Re: CPU excessively long times between frequency scaling driver calls - bisected

"Paul E. McKenney" <paulmck@xxxxxxxxxx> · Fri, 4 Mar 2022 08:23:23 -0800

On Fri, Mar 04, 2022 at 01:13:44PM +0800, Feng Tang wrote:
> On Thu, Mar 03, 2022 at 01:02:01PM +0100, Rafael J. Wysocki wrote:
> > On Thu, Mar 3, 2022 at 6:27 AM Feng Tang <feng.tang@xxxxxxxxx> wrote:
> > >
> > > On Tue, Mar 01, 2022 at 08:06:24PM -0800, Doug Smythies wrote:
> > > > On Tue, Mar 1, 2022 at 9:34 AM Rafael J. Wysocki <rafael@xxxxxxxxxx> wrote:
> > > > >
> > > > > I guess the numbers above could be reduced still by using a P-state
> > > > > below the max non-turbo one as a limit.
> > > >
> > > > Yes, and for a test I did "rjw-3".
> > > >
> > > > > > overruns: 1042.
> > > > > > max overrun time: 9,769 uSec.
> > > > >
> > > > > This would probably get worse then, though.
> > > >
> > > > Yes, that was my expectation, but not what happened.
> > > >
> > > > rjw-3:
> > > > ave: 3.09 watts
> > > > min: 3.01 watts
> > > > max: 31.7 watts
> > > > ave freq: 2.42 GHz.
> > > > overruns: 12. (I did not expect this.)
> > > > Max overruns time: 621 uSec.
> > > >
> > > > Note 1: IRQ's increased by 74%. i.e. it was going in
> > > > and out of idle a lot more.
> > > >
> > > > Note 2: We know that processor package power
> > > > is highly temperature dependent. I forgot to let my
> > > > coolant cool adequately after the kernel compile,
> > > > and so had to throw out the first 4 power samples
> > > > (20 minutes).
> > > >
> > > > I retested both rjw-2 and rjw-3, but shorter tests
> > > > and got 0 overruns in both cases.
> > >
> > > One thought is can we consider trying the previous debug patch of
> > > calling the util_update when entering idle (time limited).
> > >
> > > In current code, the RT/CFS/Deadline class all have places to call
> > > cpufreq_update_util(), the patch will make sure it is called in all
> > > four classes, also it follows the principle of 'schedutil' of not
> > > introducing more system cost. And surely I could be missing some
> > > details here.
> > >
> > > Following is a cleaner version of the patch, and the code could be
> > > moved down to the internal loop of
> > >
> > >         while (!need_resched()) {
> > >
> > >         }
> > >
> > > Which will make it get called more frequently.
> > 
> > It will, but it's not necessary in all cases.  It only is necessary if
> > the tick is going to be stopped (because the tick will update the
> > P-state governor anyway if it runs).  However, at this point you don't
> > know what's going to happen to the tick.
> > 
> > Moreover, updating the P-state governor before going idle doesn't
> > really help,
> 
> >From Doug's previous test, the power consumption and the delay
> both improved with the debug patch.
> 
> > because the P-state programmed by it at this point may
> > very well be stale after getting out of the idle state, so instead of
> > doing a full update at this point, it should force a low P-state on
> > the way from idle.
> 
> Makes sense.
> 
> Paul has asked about the timer interupts, and here is some more info,
> when there is no active load in system, the longest interval of 4
> seconds between 2 timer interrupts comes from the kernel watchdog
> for hardware/software lockup detector, and every CPU will have this
> timer, which limits the maximum cpu idle duration to be 4 seconds.

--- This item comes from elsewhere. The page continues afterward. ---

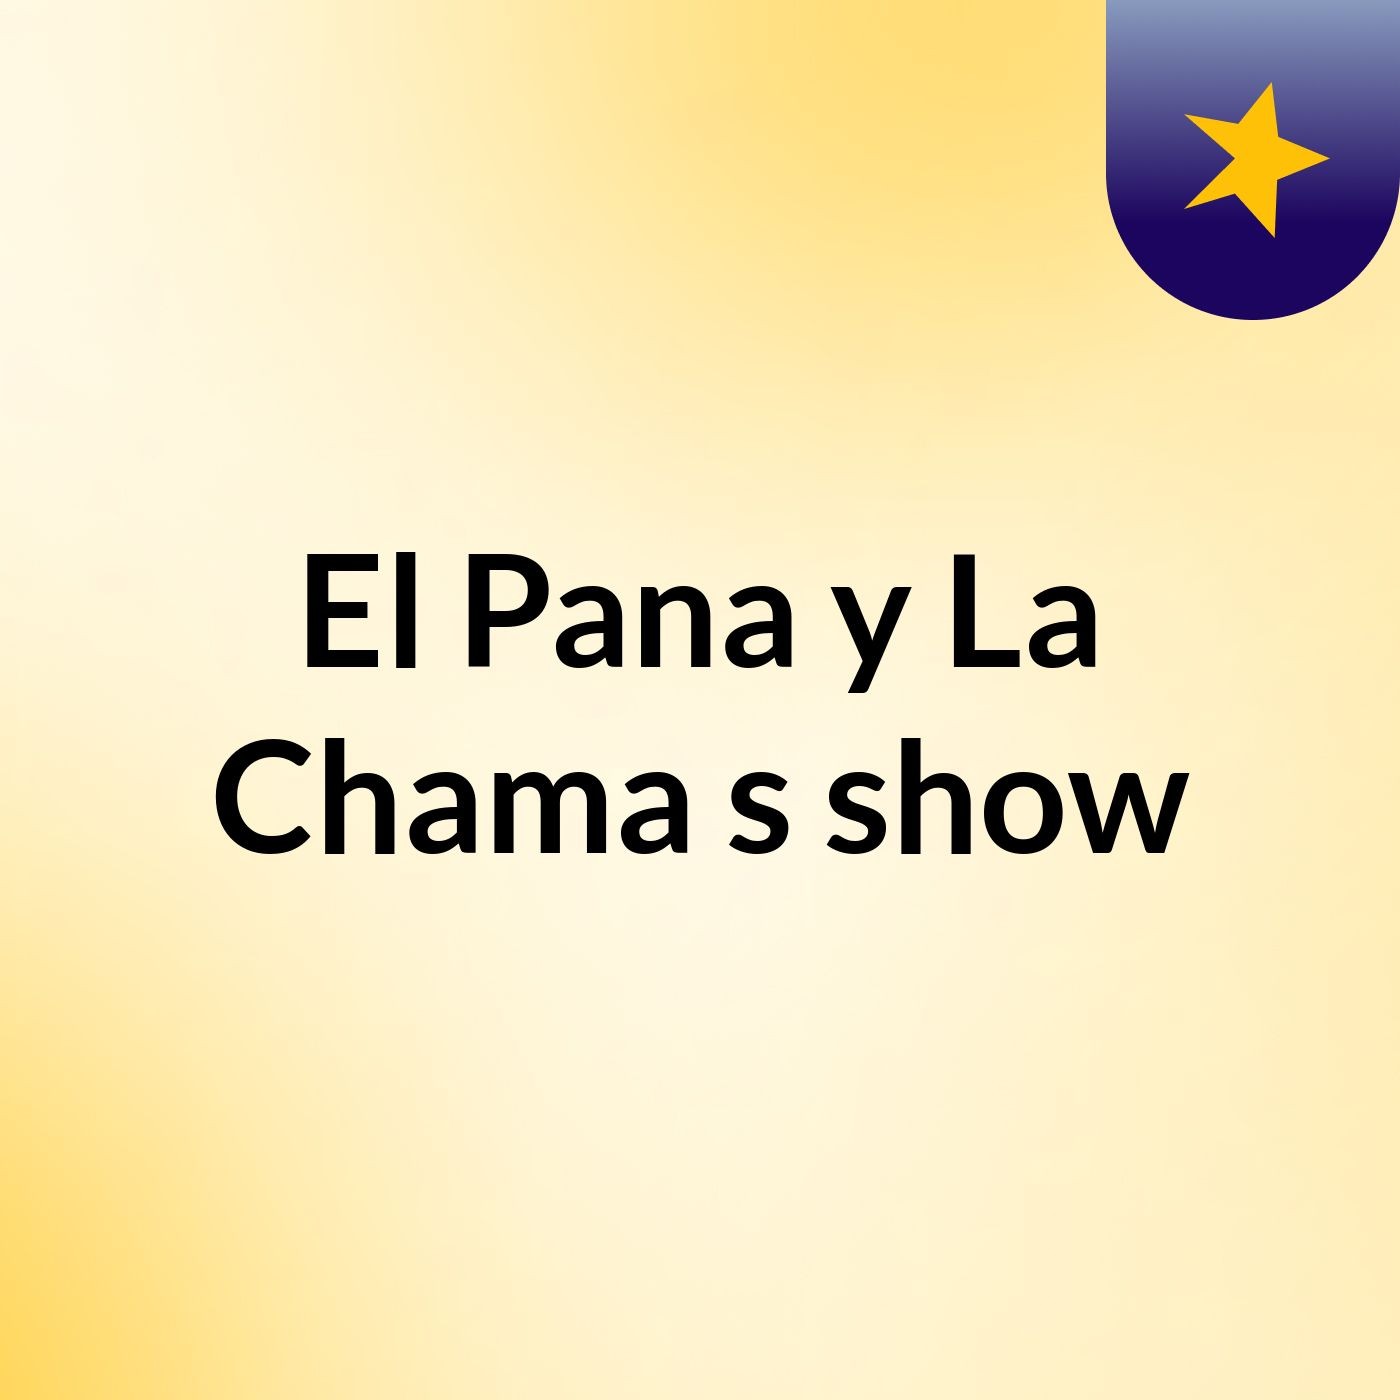 El Pana y La Chama's show

And thank you for the info!  One way to reduce this overhead is to boot
with the watchdog_thresh kernel-boot parameter set to some value greater
than 10.  The downside is that HW/FW/NMI catastrophes will need to last
for more than 10 seconds before the system complains.  One approach
is to run with a small watchdog_thresh during testing and a larger one
in production.

							Thanx, Paul

> > > ---
> > >
> > > diff --git a/kernel/sched/idle.c b/kernel/sched/idle.c
> > > index d17b0a5ce6ac..e12688036725 100644
> > > --- a/kernel/sched/idle.c
> > > +++ b/kernel/sched/idle.c
> > > @@ -258,15 +258,23 @@ static void cpuidle_idle_call(void)
> > >   *
> > >   * Called with polling cleared.
> > >   */
> > > +DEFINE_PER_CPU(u64, last_util_update_time);    /* in jiffies */
> > >  static void do_idle(void)
> > >  {
> > >         int cpu = smp_processor_id();
> > > +       u64 expire;
> > >
> > >         /*
> > >          * Check if we need to update blocked load
> > >          */
> > >         nohz_run_idle_balance(cpu);
> > >
> > > +       expire = __this_cpu_read(last_util_update_time) + HZ * 3;
> > > +       if (unlikely(time_is_before_jiffies((unsigned long)expire))) {
> > > +               cpufreq_update_util(this_rq(), 0);
> > 
> > And quite frankly I'm not sure if running cpufreq_update_util() from
> > here is safe.
> 
> I had that concern too :). Do you mean this is called when the local
> irq is enabled, and could be interrupted causing some issue?
> 
> Thanks,
> Feng
> 
> > > +               __this_cpu_write(last_util_update_time, get_jiffies_64());
> > > +       }
> > > +
> > >         /*
> > >          * If the arch has a polling bit, we maintain an invariant:
> > >          *
> > >